Which is another of Dan's many talents: his fabled New York Renaissance had served him well, and he always knows exactly where he is in relation to exactly where he needs to be. Casey would have sworn that there was not a place like this left on earth, but, apparently, it's 'retro' (whatever that means), and it boasts a fake railway car frontage, poodle-skirted waitresses on roller skates, their frontage equally impressive and, probably, equally fake, forty flavours of ice cream, and enough fried food that Casey could feel his arteries hardening as he stepped over the threshold.

That's the very last drop of a root beer float that's slurping its way up Dan's drinking straw at this very moment. As the sound dies away they seem to slip into a bubble of absolute silence, the jukebox and the noise of the lunchtime crowd alike fading into the distance of a world quite apart from their own.

"So," Dan eventually says, very quietly, very soberly, "Where do we go from here?"

Casey so doesn't want to have this conversation. "Back to the office? We still have a show to write. A show of our own," he adds, and shudders once more at their narrow escape.

"Yeah," Dan says, more quietly yet. "And after that?"

Casey takes a deep breath. "We need to talk," he says, what the cowards always say, and, a moment later, could kick himself as he sees the light in Dan's eyes fade and dim. "Not like that!" he says, quickly, urgently, and, in the heat of the moment, of needing to fix what he'd almost broken before the cracks have begun to spread, he reaches out and lays his hand over Dan's, not even thinking to check around first to see who might be watching. "I don't know what we're doing, Danny. I don't know what we're going to do, where we're going to go. I think we've gone as far as we can with _Sports Night_ and we both need something new, and we both know that playing second fiddle at NBC isn't going to cut it. Maybe it's time to move on. Maybe you can write your book, maybe I can find myself a show that needs a good-looking frontman with no baggage attached." He squeezes Dan's hand as he speaks, to let him know he's kidding. "Maybe one of us will win the Lottery this week, and we can both go south and lie on a big sandy beach for the rest of our lives.

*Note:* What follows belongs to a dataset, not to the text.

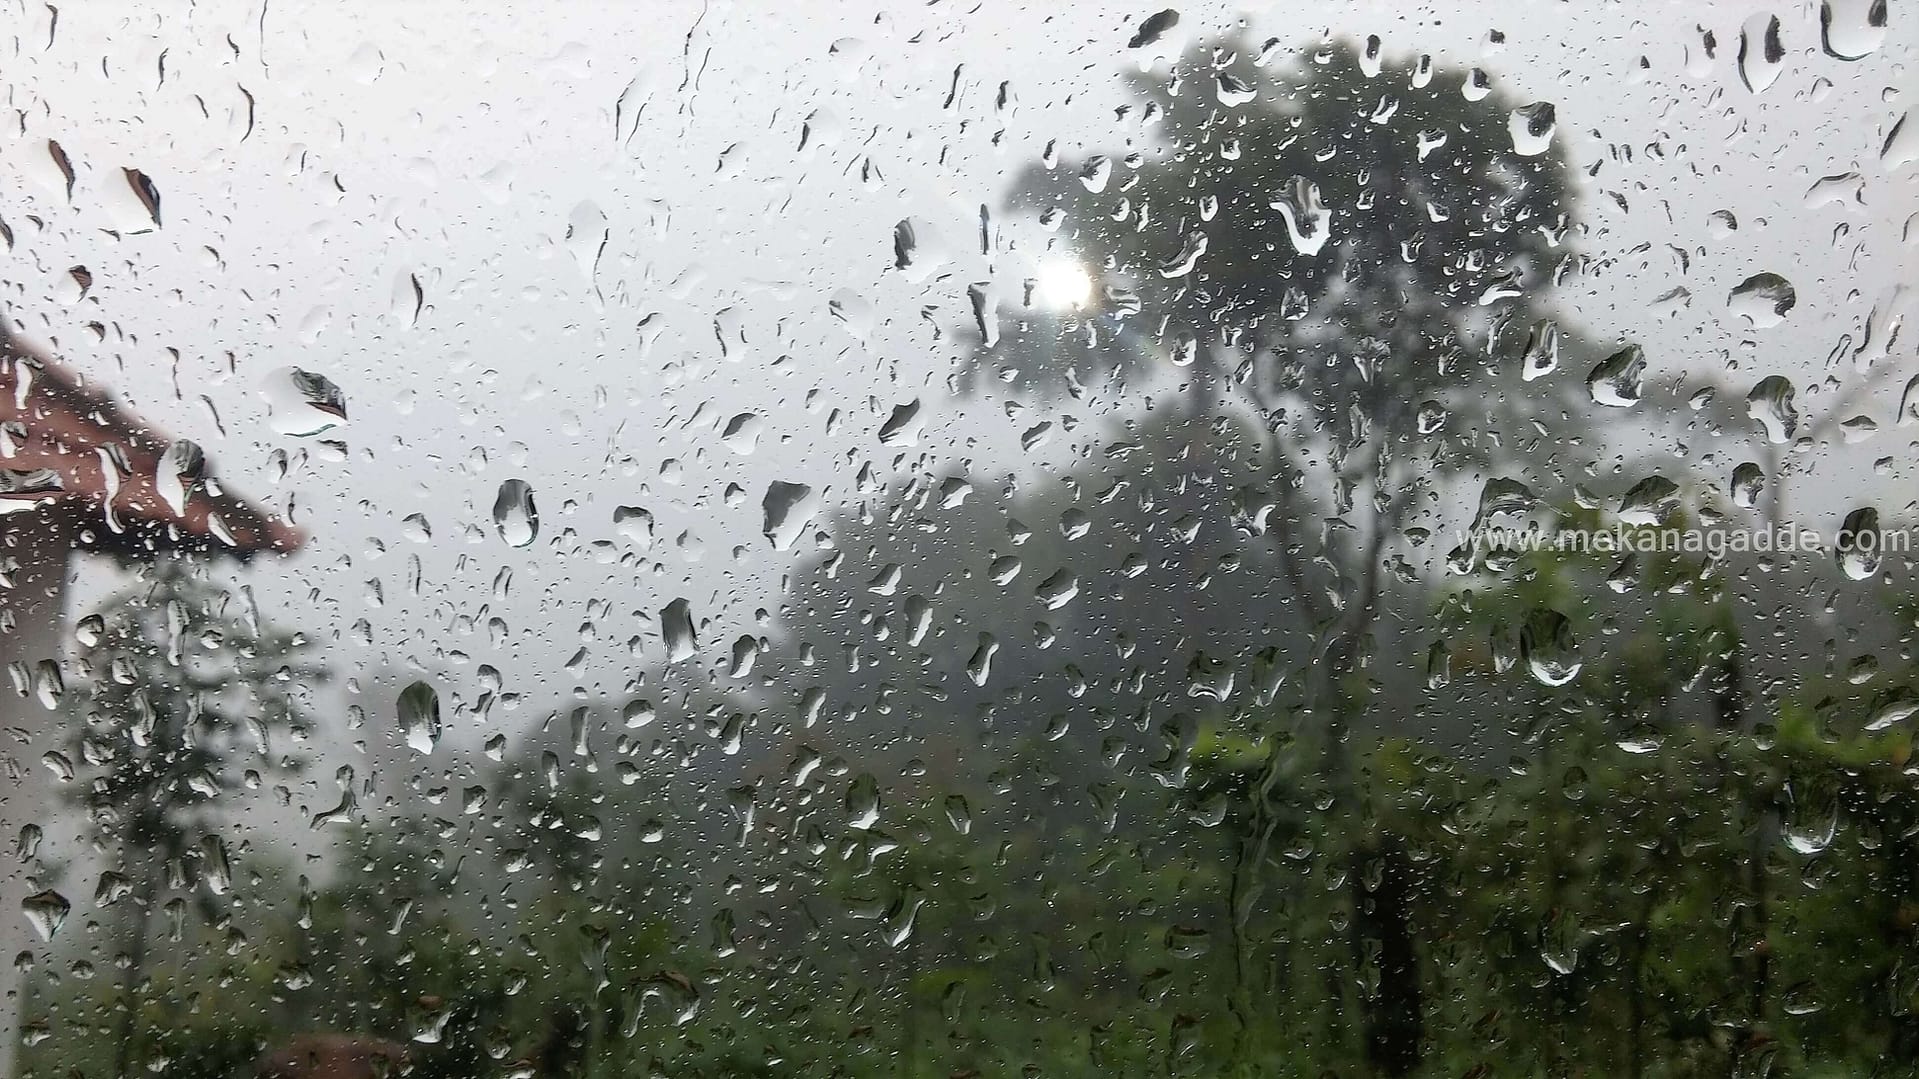 Sakleshpur Rain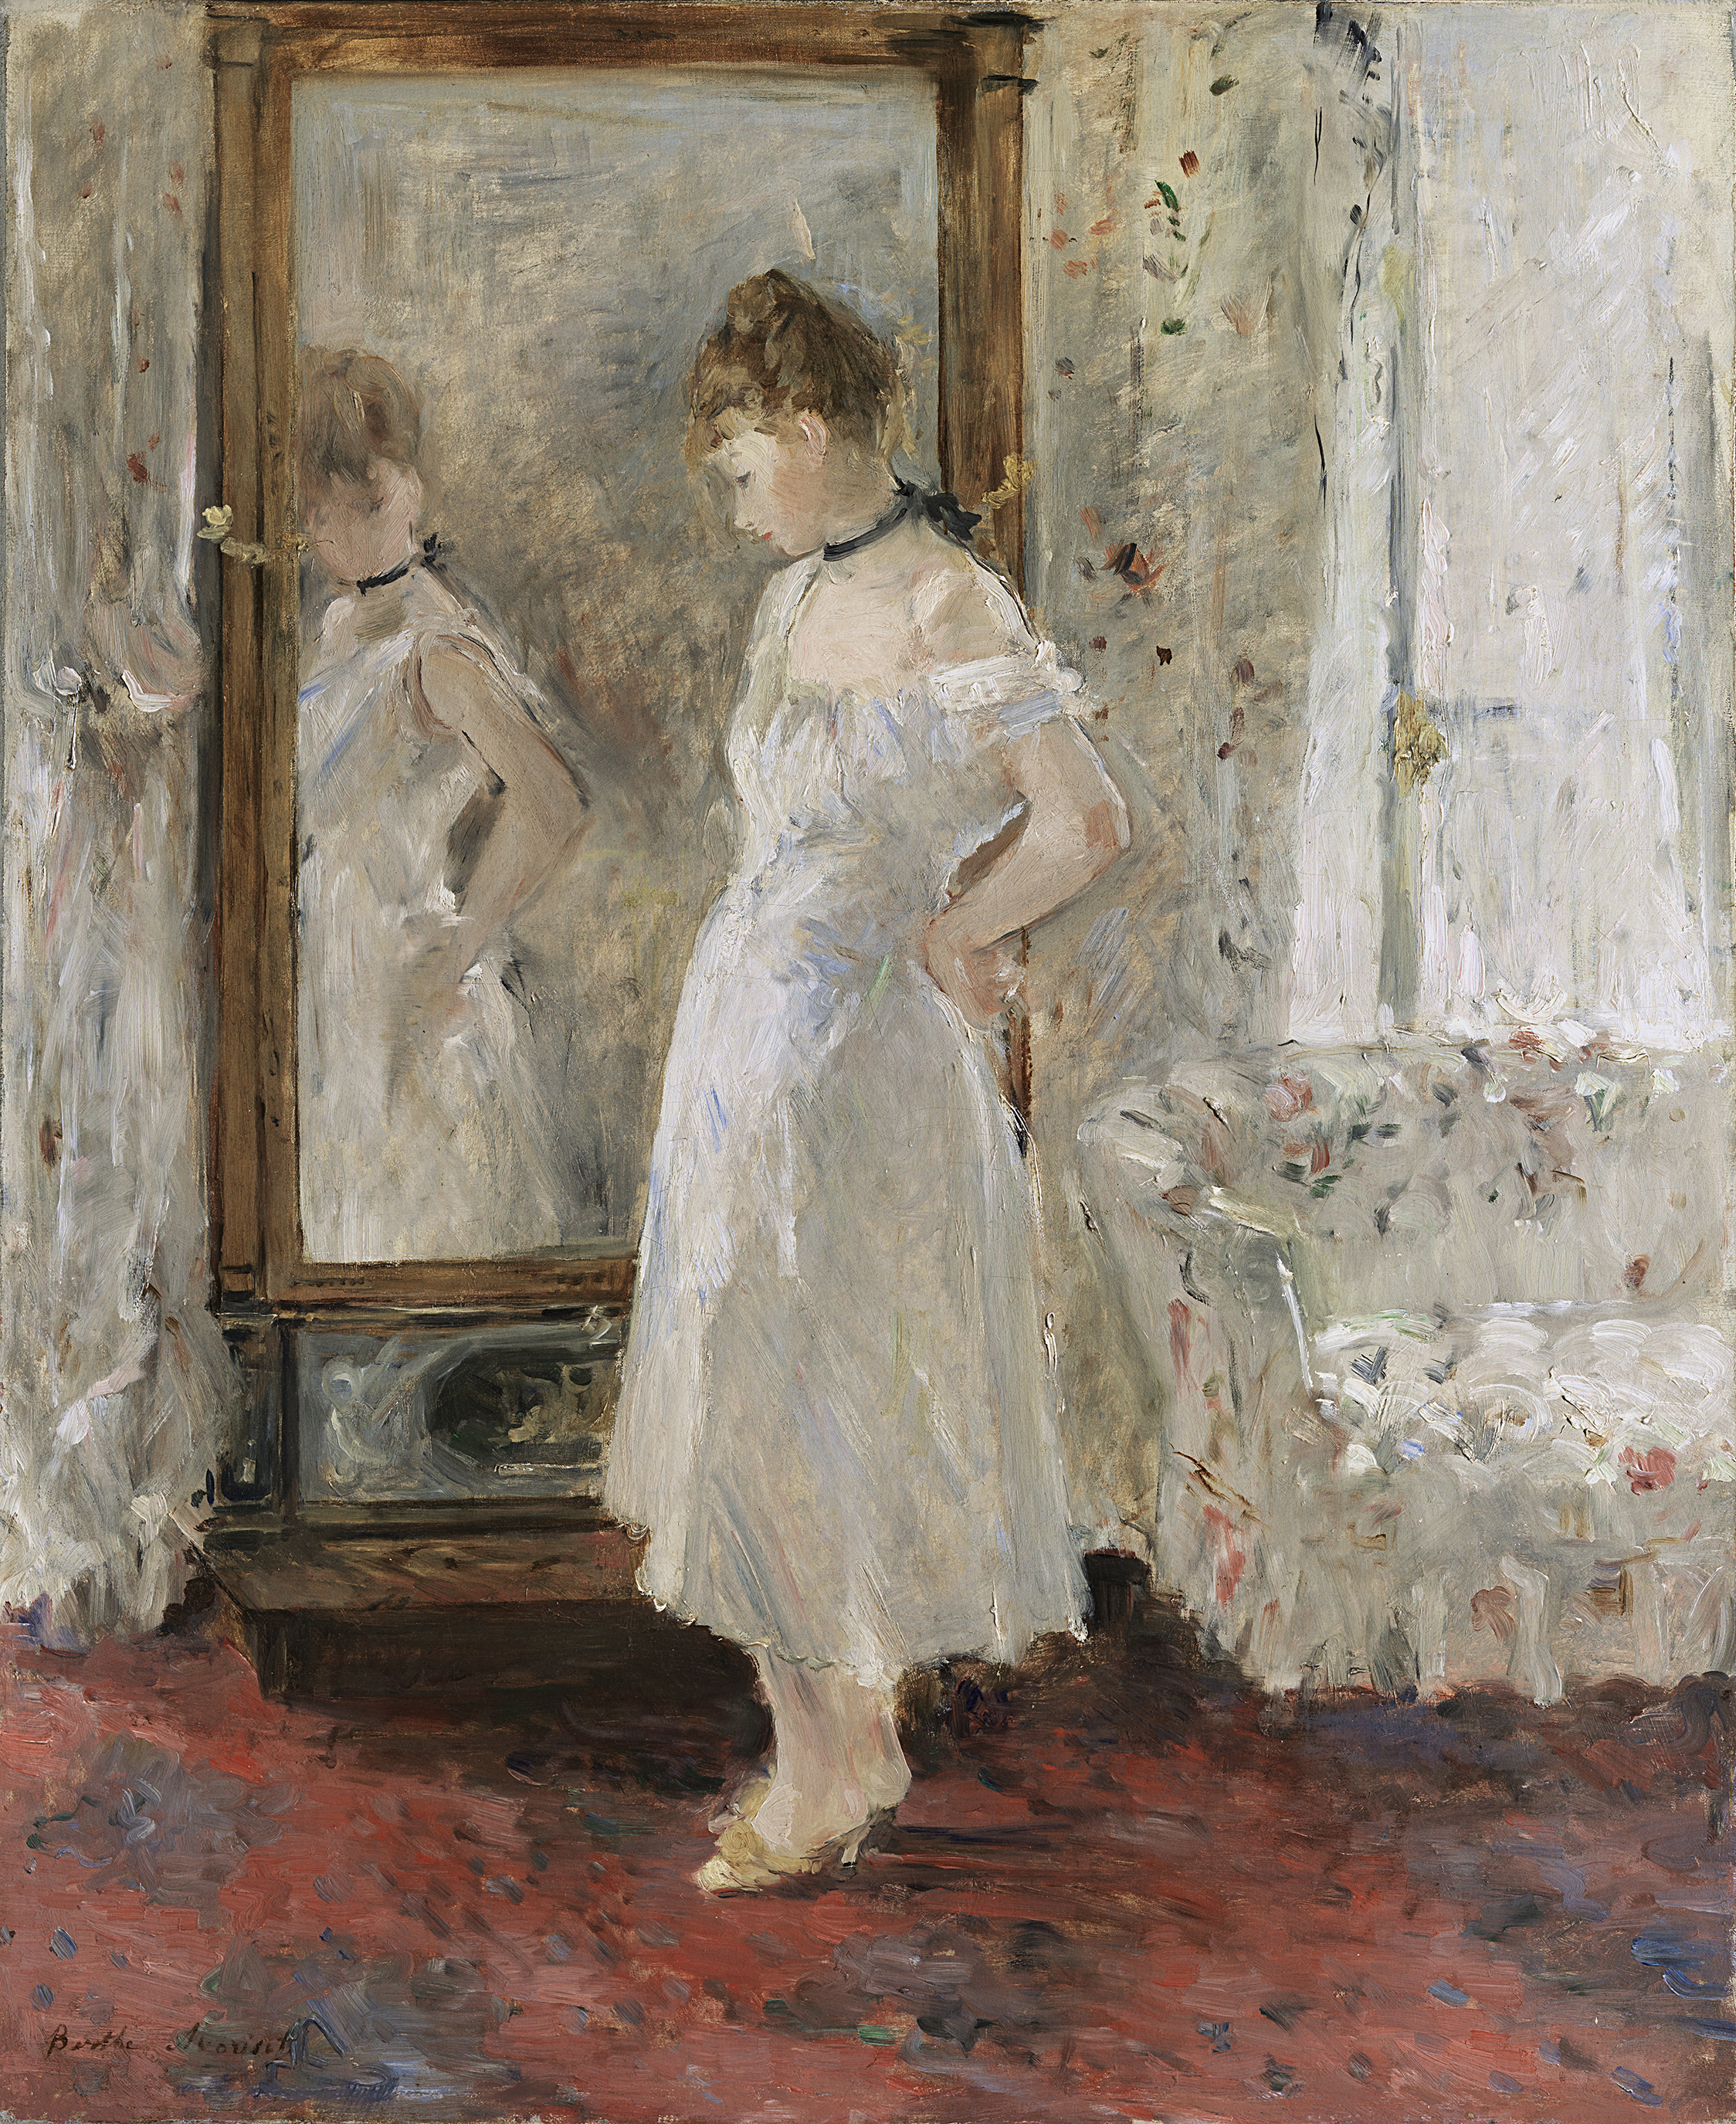 Der Spiegel der Psyche by Berthe Morisot - 1876 - 65 x 54 cm Museo Nacional Thyssen-Bornemisza

All I know is that, whatever it is, we'll do it together. Always, Danny. I can't do it without you."

He has to stop then. He's running out of breath and, maybe it's the scent of frying onions that permeates the atmosphere, but something is making his eyes sting like crazy. He has one hand free, and he swipes it quickly across his face, trusting to god that nobody will see it and think that he, Casey McCall, is so overcome by emotion that he's _crying_.

'Cause that'll happen.

Dan looks down at their two hands together, and the corner of his mouth curves into a smile.

"You assume," he says, "That if I won the Lottery, I'd share with you."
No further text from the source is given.